GLACIER TABLES ACCOUNTED FOR.

Almost all glaciers present examples of such tables; but no glacier with which I am acquainted exhibits them in greater number and perfection than the Unteraar glacier, near the Grimsel. Vast masses of granite are thus poised aloft on icy pedestals; but a limit is placed to their exaltation by the following circumstance. The sun plays obliquely upon the table all day; its southern extremity receives more heat than its northern, and the consequence is, that it dips towards the south. Strictly speaking, the plane of the dip rotates a little during the day, being a little inclined towards the east in the morning, north and south a little after noon, and inclined towards the west in the evening; so that, theoretically speaking, the block is a sun-dial, showing by its position the hour of the day. This rotation is, however, too small to be sensible, and hence the dip of the stones upon a glacier sufficiently exposed to the sunlight, enables us at any time to draw the meridian line along its surface. The inclination finally becomes so great that the block slips off its pedestal, and begins to form another, while the one which it originally occupied speedily disappears, under the influence of sun and air. [Fig. 20] represents a typical section of a glacier-table, the sun's rays being supposed to fall in the direction of the shading lines.

TYPE "TABLE."

Stones of a certain size are always lifted in the way described. A considerable portion of the heat which a large block receives is wasted by radiation, and by communication to the air, so that the quantity which reaches the ice beneath is trifling. Such a mass is, of course, a protector of the ice beneath it. But if the stone be small, and dark in colour, it absorbs the heat with avidity, communicates it quickly to the ice with which it is in contact, and consequently sinks in the ice. This is also the case with bits of dirt and the finer fragments of débris; they sink in the glacier. Sometimes, however, a pretty thick layer of sand is washed over the ice from the moraines, or from the mountain-sides; and such sand-layers give birth to ice-cones, which grow to peculiarly grand dimensions on the Lower Aar glacier. I say "grow," but the truth, of course, is, that the surrounding ice wastes, while the portion underneath the sand is so protected that it remains as an eminence behind. At first sight, these sand-covered cones appear huge heaps of dirt, but on examination they are found to be cones of ice, and that the dirt constitutes merely a superficial covering.

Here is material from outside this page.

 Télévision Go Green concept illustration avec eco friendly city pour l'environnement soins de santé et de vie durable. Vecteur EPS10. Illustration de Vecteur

Turn we now to the moraines. Protecting, as they do, the ice from waste, they rise, as might be expected, in vast ridges above the general surface of the glacier. In some cases the surrounding mass has been so wasted as to leave the spines of ice which support the moraines forty or fifty feet above the general level of the glacier. I should think the moraines of the Mer de Glace about the Tacul rise to this height. But lower down, in the neighbourhood of the Echelets, these high ridges disappear, and nought remains to mark the huge moraine but a strip of dirt, and perhaps a slight longitudinal protuberance on the surface of the glacier. How have the blocks vanished that once loaded the moraines near the Tacul? They have been swallowed in the crevasses which intersect the moraines lower down; and if we could examine the ice at the Echelets we should find the engulfed rocks in the body of the glacier.

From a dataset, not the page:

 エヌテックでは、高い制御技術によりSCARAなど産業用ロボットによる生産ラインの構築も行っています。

MORAINES ENGULFED AND DISGORGED.

Cases occur, wherein moraines, after having been engulfed, and hidden for a time, are again entirely disgorged by the glacier. Two moraines run along the basin of the Talèfre, one from the Jardin, the other from an adjacent promontory, proceeding parallel to each other towards the summit of the great ice-fall. Here the ice is riven, and profound chasms are formed, in which the blocks and shingle of the moraines disappear. Throughout the entire ice-fall the only trace of the moraines is a broad dirt-streak, which the eye may follow along the centre of the fall, with perhaps here and there a stone which has managed to rise from its frozen sepulchre. But the ice wastes, and at the base of the fall large masses of stone begin to reappear; these become more numerous as we descend; the smaller débris also appears, and finally, at some distance below the fall, the moraine is completely restored, and begins to exercise its protecting influence; it rises upon its ridge of ice, and dominates as before over the surface of the glacier.

TRANSPARENCY OF ICE UNDER THE MORAINES.

The ice under the moraines and sand-cones is of a different appearance from that of the surrounding glacier, and the principles we have laid down enable us to explain the difference. The sun's rays, striking upon the unprotected surface of the glacier, enter the ice to a considerable depth; and the consequence is, that the ice near the surface of the glacier is always disintegrated, being cut up with minute fissures and cavities, filled with water and air, which, for reasons already assigned, cause the glacier, when it is clean, to appear white and opaque. The ice under the moraines, on the contrary, is usually dark and transparent; I have sometimes seen it as black as pitch, the blackness being a proof of its great transparency, which prevents the reflection of light from its interior.